GFX::Monk Home

Posts tagged: "python" - page 3

group_sequential

So the other day I had a list of (html) elements, and I wanted to get an array representing lines of text. The only problem being that some of the elements are displayed inline - so I needed to join those together. But only when they appeared next to each other.

I would call the generic way of doing so group_sequential, where an array is chunked into sub-arrays, and sequential elements satisfying some predicate are included in the same sub-array. That way, my predicate could be :inline?, and I could join the text of each grouped element together to get the lines out.

For example, using even numbers for simplicity:

[1,2,3,4,6,8,5,4,4].group_sequential(&:even?)
=> [[1],[2],[3],[4,6,8],[5],[4,4]]

Here’s the ruby code I came up with:

	class Array
		def group_sequential
			result = []
			group = []
			finish_group = lambda do
				unless group.empty?
					result << group
					group = []
				end
			end

			self.each do |elem|
				if yield elem
					group << elem
				else
					finish_group.call
					result << [elem]
				end
			end
			finish_group.call
			result
		end
	end
	

Things are slightly less noisy, but assignment is subtly awkward in python without using nonlocal scope keyword (only available in python3):

	def group_sequential(predicate, sequence):
		result = []
		group = []
		def finish_group():
			if group:
				result.append(group)
			return []

		for item in sequence:
			if predicate(item):
				group.append(item)
			else:
				group = finish_group()
				result.append([item])
		group = finish_group()
		return result
	

This feels like something that should be doable in a much more concise way than I came up with above. Any ideas? (In either ruby or python)


Update:

My friend Iain has posted a number of interesting solutions over yonder, which got me thinking differently about it (specifically, reminding me of dropwhile and takewhile). I applied python’s itertools to the problem to get this rather satisfactory result in python:

	from itertools import takewhile, tee, dropwhile
	def group_sequential(pred, sequence):
		taker, dropper = tee(iter(sequence))
		while True:
			group = list(takewhile(pred, taker))
			if group: yield group
			yield [dropwhile(pred, dropper).next()]
	

(note: this is a generator which is fine for my purposes - you can always wrap it in a call to list() to force it into an actual list).

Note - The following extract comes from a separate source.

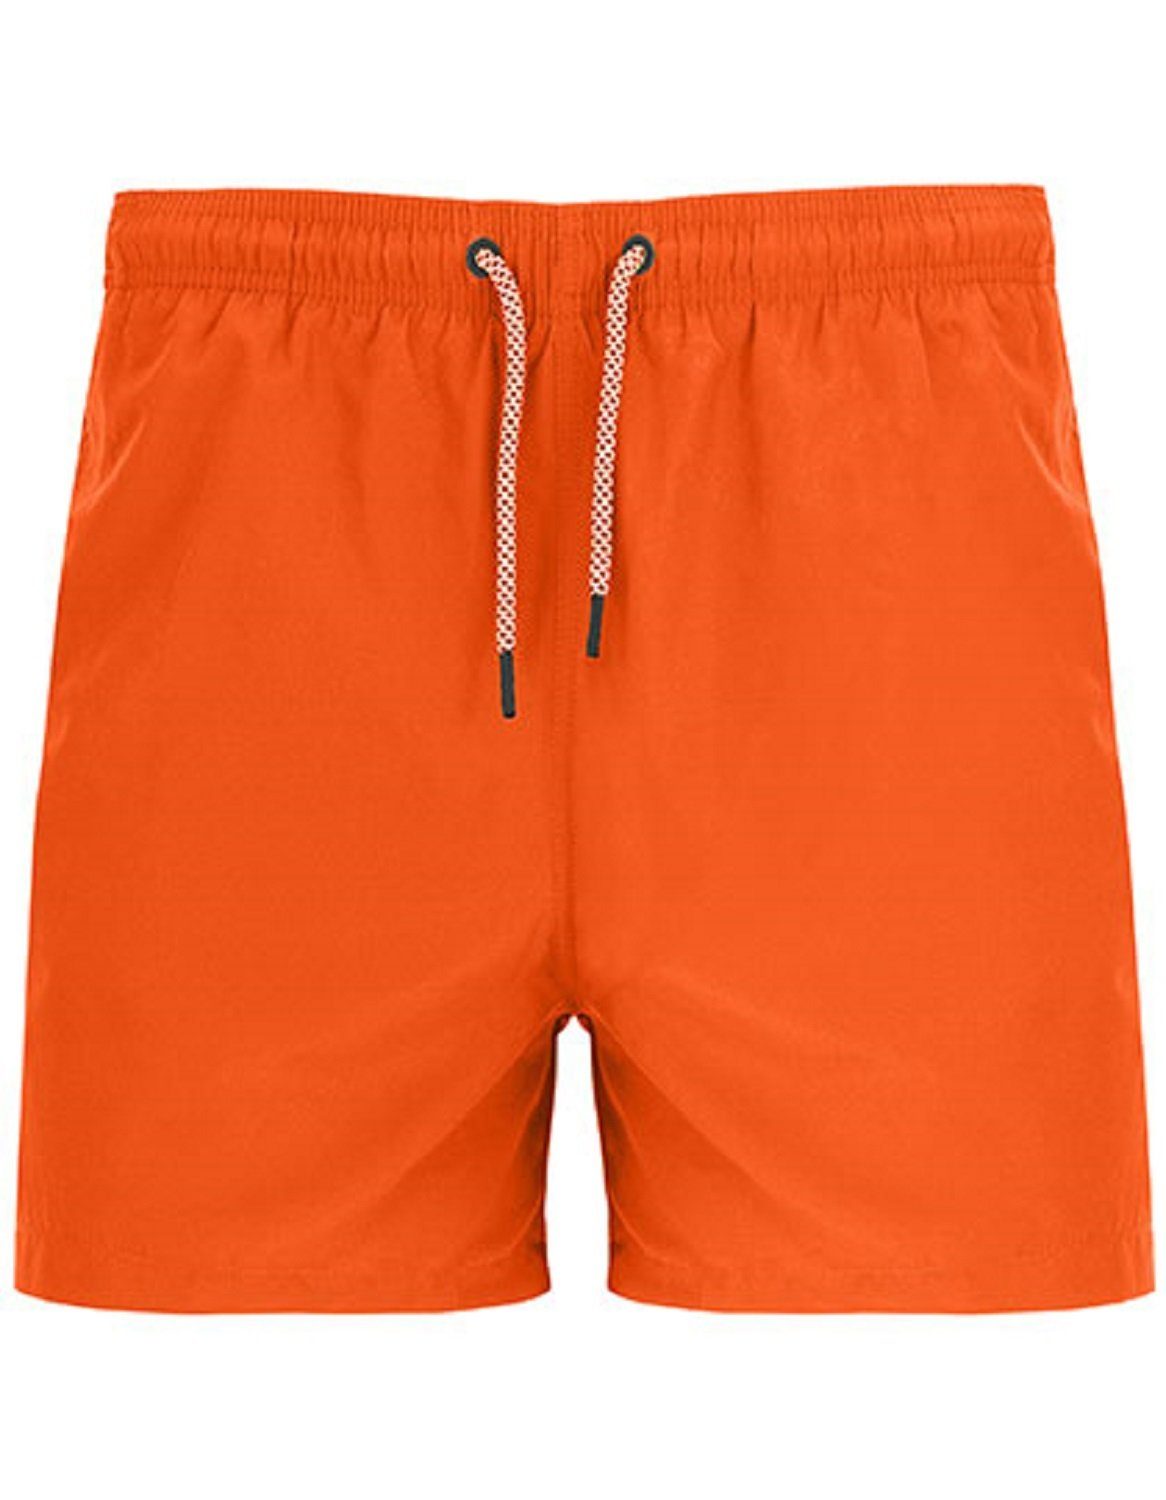 Roly Sport Badehose Herren Badeshorts verschiedene mit Orange / bis - XXL S Badehose Gr. zwei Seitentaschen Farben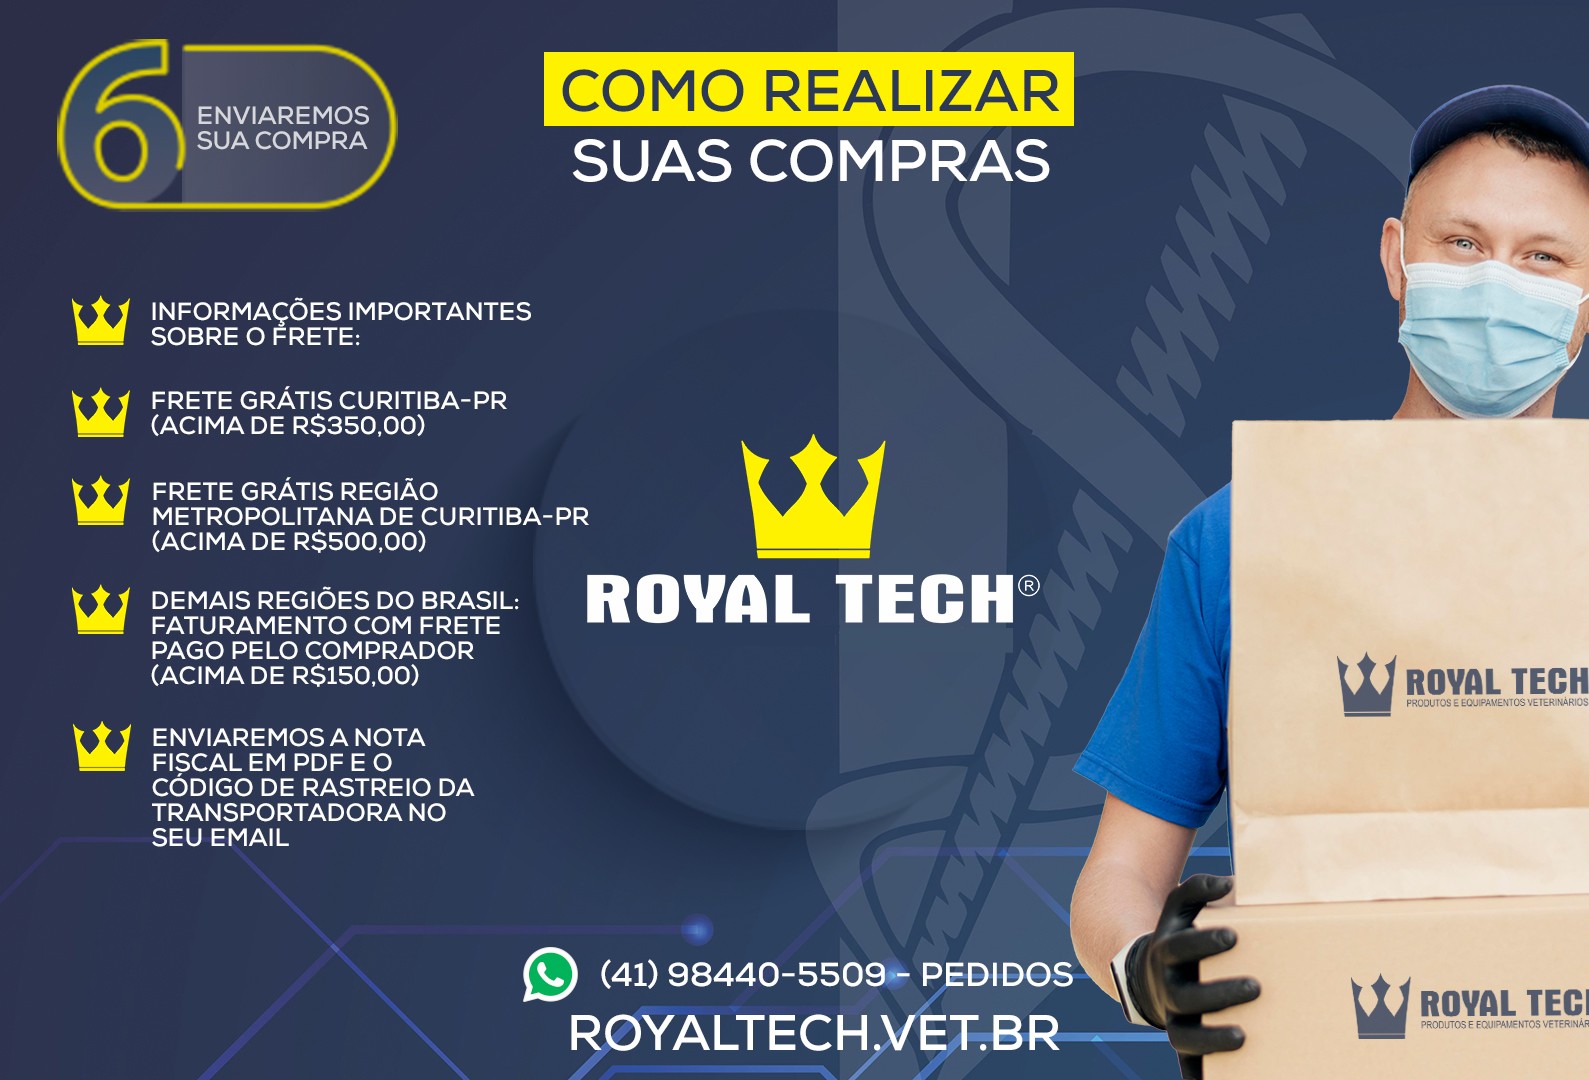 Royal Tech

The same approach is acceptable when done in ruby, but a bit more verbose because of the need to explicitly check for the end of the sequence, and to collect the results array:

	class Array
		def group_sequential(&pred)
			sequence = self
			results = []
			while true
				group = sequence.take_while &pred
				results << group if group.size > 0
				sequence = sequence.drop_while &pred
				return results if sequence.empty?
				results << [sequence.shift]
			end
		end
	end
	

Update (the second):

While poking around itertools, I managed to miss groupby. I assumed it did the same thing as ruby’s Enumerable#group_by, which is to say not at all what I want (though it’s surely useful at other times). So here is presumably the most concise version I’ll find, for the sake of closure:

	from itertools import groupby
	def group_sequential(pred, sequence):
		return [list(group) for key, group in groupby(sequence, pred)]
	

Recursively Default Dictionaries

Today I was asked if I knew how to make a recursively default dictionary (although not in so many words). What that means is that it’s a dictionary (or hash) which is defaulted to an empty version of itself for every item access. That way, you can throw data into a multi-dimensional dictionary without regard for whether keys already exist, like so:

h["a"]["b"]["c"] = 5

Without having to first initialise h[“a”] and h[“a”][“b”].

A dictionary with a default value of an empty hash sprang to mind, but after trying it out I realised that this only works for one level. Recursion was evidently required.

So, here’s the python solution:

from collections import defaultdict
new_dict = lambda: defaultdict(new_dict)
h = defaultdict(new_dict)

And the ruby, which seems overly noisy:

new_hash = lambda { |hash, key| hash[key] = Hash.new &new_hash }
h = Hash.new(&new_hash)

Autonose: continuous test runner for python's nosetests

Today I’ve put up the first “releaseable” version of autonose. Basically, it analyses your code’s imports, and determines exactly which tests rely on which code. So whenever you change a file, it’ll automatically run the tests that depend on the changed file (be it directly or transitively). Give it a go, and please let me know your feedback.

All you need do is:

$ easy_install autonose
$ cd [project_with_some_tests_in_it]
$ autonose

See the github project page for further information (and a screenshot).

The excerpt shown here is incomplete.